Negli anni successivi al 1880 Tolstoj si convertì a una forma di estremismo religioso: decise di abbandonare la letteratura per vivere “nella purezza dei Vangeli”, lasciando la proprietà ma continuando ad abitare con la famiglia. Chiese insistentemente alla moglie di seguirlo in questo percorso spirituale ma Sofja, pur religiosa, rispose di no e si separarono. I seguaci più fondamentalisti dello scrittore non esitarono a bollarla come demoniaca. E Vladimir Chertkov, il discepolo che divenne curatore ufficiale di tutte le sue opere, cominciò a costruire l’immagine di una Sofja torturatrice che fu sostanzialmente accettata dalla letteratura.
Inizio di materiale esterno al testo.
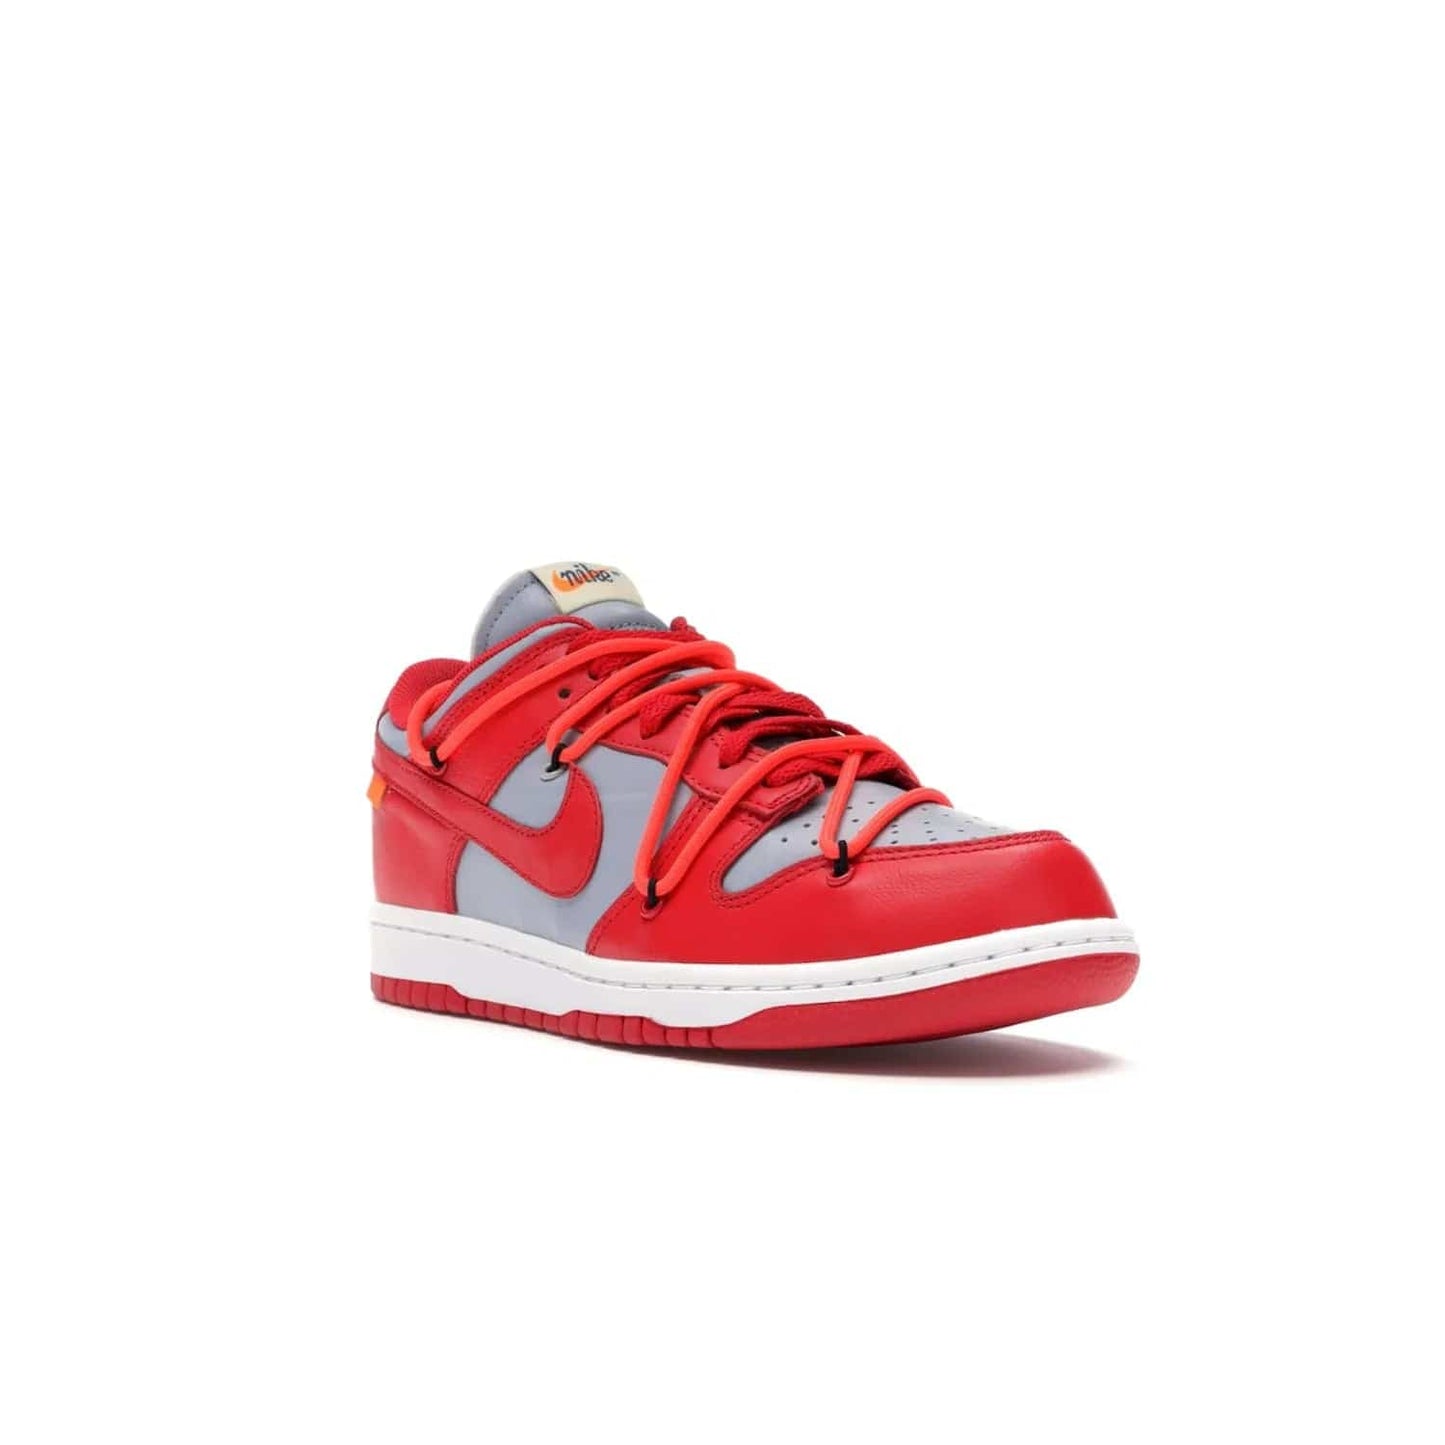 Nike Dunk Low Off-White University Red - Image 6 - Only at www.BallersClubKickz.com - The Nike Dunk Low Off-White University Red offers tribute to classic Nike Basketball silhouettes. Features include wolf grey leather, university red overlays, zip-ties, and Off-White text. Perfect for any sneaker fan, these stylish sneakers released in December of 2019.

Sofja Tolstoj dunque non fu soltanto la devota moglie del grande scrittore russo e la madre dei suoi tredici figli. Copiava e correggeva le opere del marito, teneva i rapporti con gli editori e i funzionari della censura, amministrava i suoi beni. Avrebbe fatto una brillante carriera letteraria se non avesse deciso di vivere nell’ombra di Lev limitandosi a due traduzioni dal tedesco e dall’inglese, a qualche poesia, alla occasionale pubblicazione di articoli su giornali e riviste. Non è sorprendente, quindi, che questa donna sensibile e intelligente abbia letto con un certo smarrimento un romanzo breve che Tolstoj scrisse nel 1889. Nella Sonata a Kreutzer è raccontata la lunga conversazione di un uomo con il suo compagno di viaggio sul treno. L’uomo (Pozdnyshev) aveva sposato la donna di cui era innamorato, una giovane pianista. Era convinto che ogni donna, nobile dama o prostituta, fosse virtualmente impura. Il dramma della gelosia esplose quando nella vita dei coniugi apparve un brillante violinista con cui la moglie amava esercitarsi al pianoforte. E si concluse drammaticamente quando il marito assistette a una esecuzione della “Sonata a Kreutzer” di Beethoven in cui il violino e il piano erano appassionatamente affiatati. Convinto di un adulterio che non era avvenuto, Pozdnyshev aveva ucciso rabbiosamente la moglie con un colpo di pugnale. Ma giustifica la gelosia maschile. Qualche anno dopo la pubblicazione del breve romanzo del marito, Sofja scrisse una “contro-Sonata a Kreutzer”. E il risultato è una versione rovesciata del racconto di Tolstoj.

“Ma se io non lo interesso, se sono soltanto una bambola-moglie e non un essere umano allora io non posso, non voglio continuare così”( 23 novembre 1862). Questa immagine della bambola per entrambi è un riferimento polemico che rimanda ad uno scambio di attribuzioni. Come riscontra una lettera, sogno, abbozzo di racconto che Tolstoj scrive alla cognata nel 1863 “ho aperto gli occhi e ho visto Sofja ma non quella che io e tu conosciamo bensì una Sofja fatta di porcellana!… le ho toccato la mano era liscia piacevole al tatto e fredda, di porcellana, mi misi a toccarla era tutta liscia, piacevole e fredda, di porcellana. Ero smarrito e volli coricarla sul letto, si fece piccina piccina, la tastai nel buio era sempre fredda e di porcellana … provai un sentimento strano. A un tratto fui contento, non ne ho parlato con nessuno, confesso che per quanto strano possa apparire ne sono contento e seppure lei sia di porcellana siamo felici”.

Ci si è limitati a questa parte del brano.